Jane Street's Secret Weapon: How a French Programming Language Drives $21bn Revenue
Jane Street's OCaml Strategy Boosts Revenue to $21bn

How a French Programming Language Became Jane Street's Golden Goose

In the cutthroat world of quantitative trading, where hedge funds employ everything from satellite imagery to transatlantic gold shipments in pursuit of profits, one firm has taken an unusually academic approach to gaining competitive advantage. Jane Street, the quantitative trading firm often described as the "quant shops' quant shop," has built its massive success around an obscure programming language developed by French academics called OCaml.

The results speak for themselves. Last year, Jane Street's trading revenue nearly doubled to an astonishing $21 billion, placing the firm on par with financial giants like Citigroup and Morgan Stanley. This extraordinary performance is directly attributed to the company's unique technology system, which forms the backbone of its trading operations.

The OCaml Advantage: More Than Just Technical Superiority

While other financial firms typically use a mixture of popular programming languages like Python, Java, or C++, allowing employees to choose the right tool for each job, Jane Street has taken a radically different approach. Since 2005, the company has been systematically rewriting its core systems in OCaml, and today, nearly everyone at the firm works in this specialized language.

Ask any Jane Street trader about OCaml's benefits, and they'll enthusiastically list features like static typing and functional programming that make the language challenging to learn but exceptionally powerful for solving complex financial problems. The company officially states that OCaml helps "maximise the productivity of each person we hire."

However, the language provides additional, less publicized advantages that extend beyond pure technical capability. This month, Jane Street announced its own variant of the language called OxCaml, specifically modified to make it more suitable for the precise, efficiency-critical coding required in high-frequency trading environments.

The Stealth Retention Strategy: How OCaml Keeps Talent

One of OCaml's most significant but rarely discussed benefits involves talent retention. In an industry where non-compete agreements commonly prevent departing employees from joining competitors for two years or more, Jane Street maintains unusually few restrictions on staff who leave the organization.
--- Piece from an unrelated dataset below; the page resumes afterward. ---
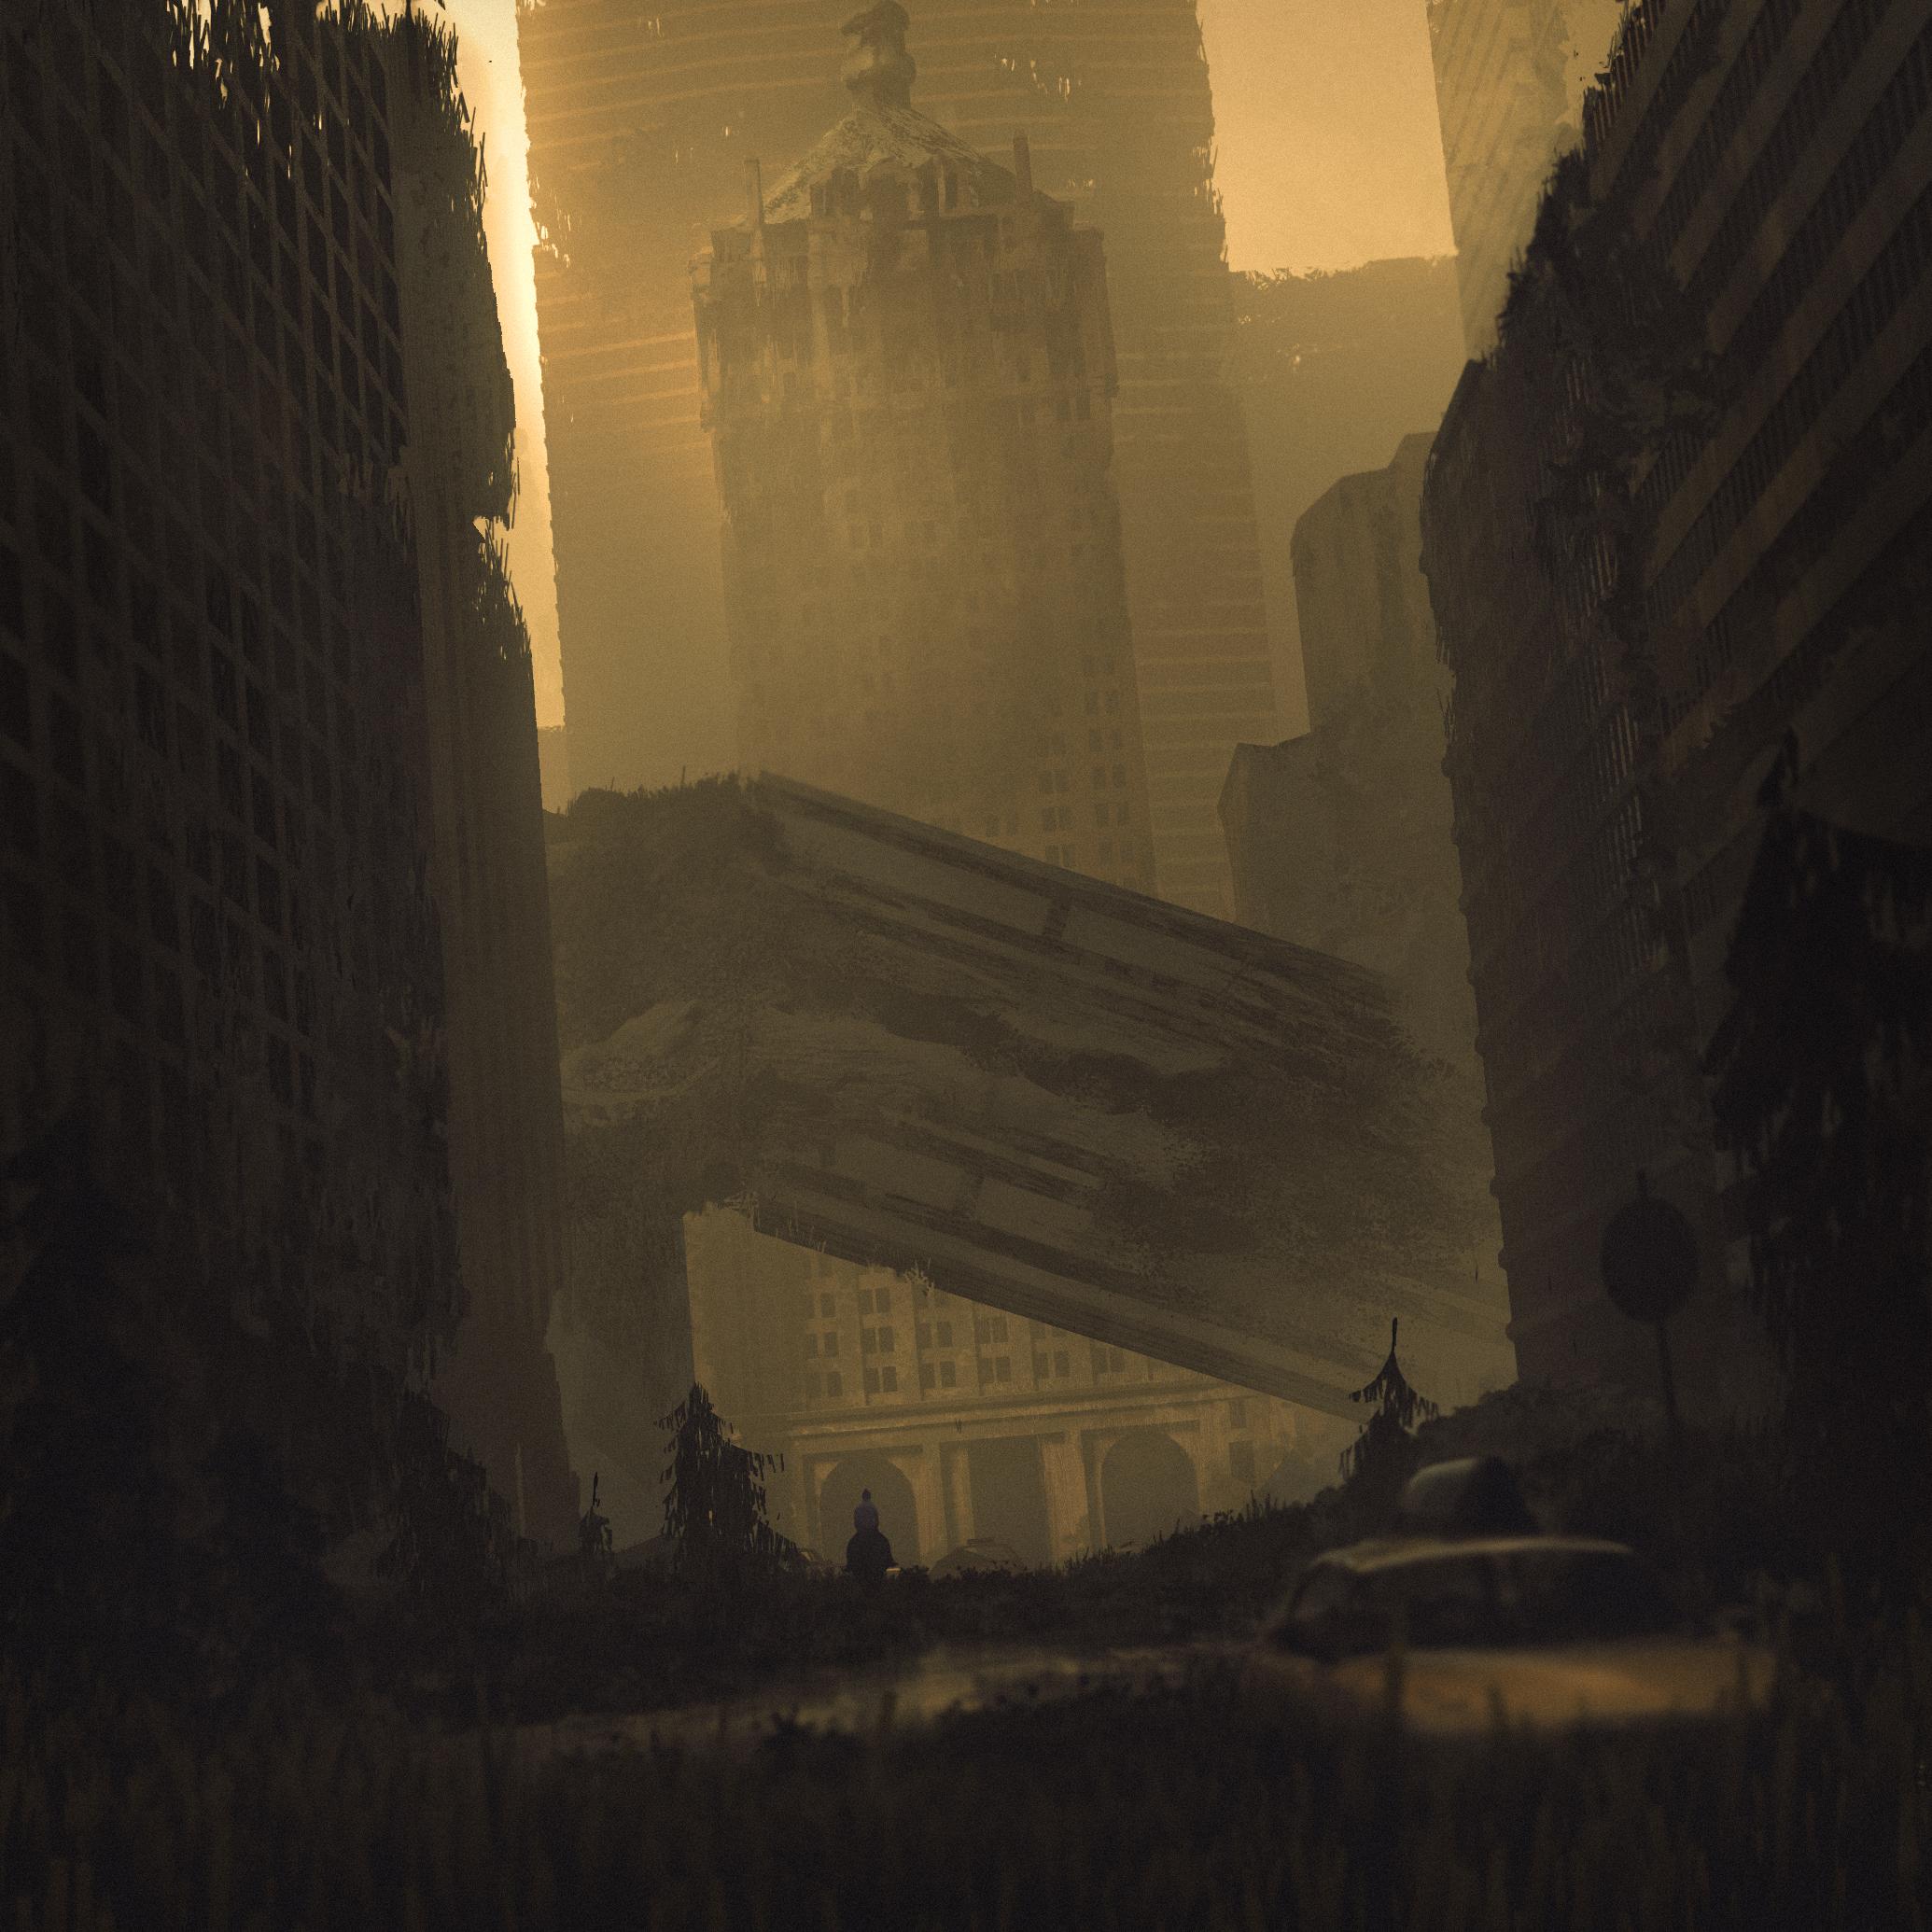 Post-apocalyptic NY

This liberal approach might seem counterintuitive until you examine the job market for OCaml developers. A review of positions at Millennium, a rival fund that recently clashed with Jane Street in court, reveals the strategic advantage. Millennium seeks engineers experienced in commonly used languages like C++, Go, Java, and Python—skills widely available across both finance and technology sectors.

By contrast, OCaml developers are essentially Jane Street's exclusive domain. The small community of OCaml programmers means that the company's technical staff, particularly those hired directly from university, face limited competition in the job market. Rather than relying on restrictive non-compete agreements, Jane Street has created a situation where its specialized technical environment naturally discourages defection to competitors.

The smaller OCaml community also imposes greater discipline on Jane Street's coders. Instead of relying on readily available open-source solutions, developers must create custom tools specifically tailored to their unique challenges. This approach, combined with Jane Street's influential position within the OCaml community, ensures that the company's needs receive priority when development resources are scarce.

Jane Street's OCaml strategy represents a masterclass in building sustainable competitive advantage. By committing to a specialized technical ecosystem, the firm has not only created a powerful trading platform but also engineered a natural retention mechanism that keeps its valuable technical talent securely within the organization.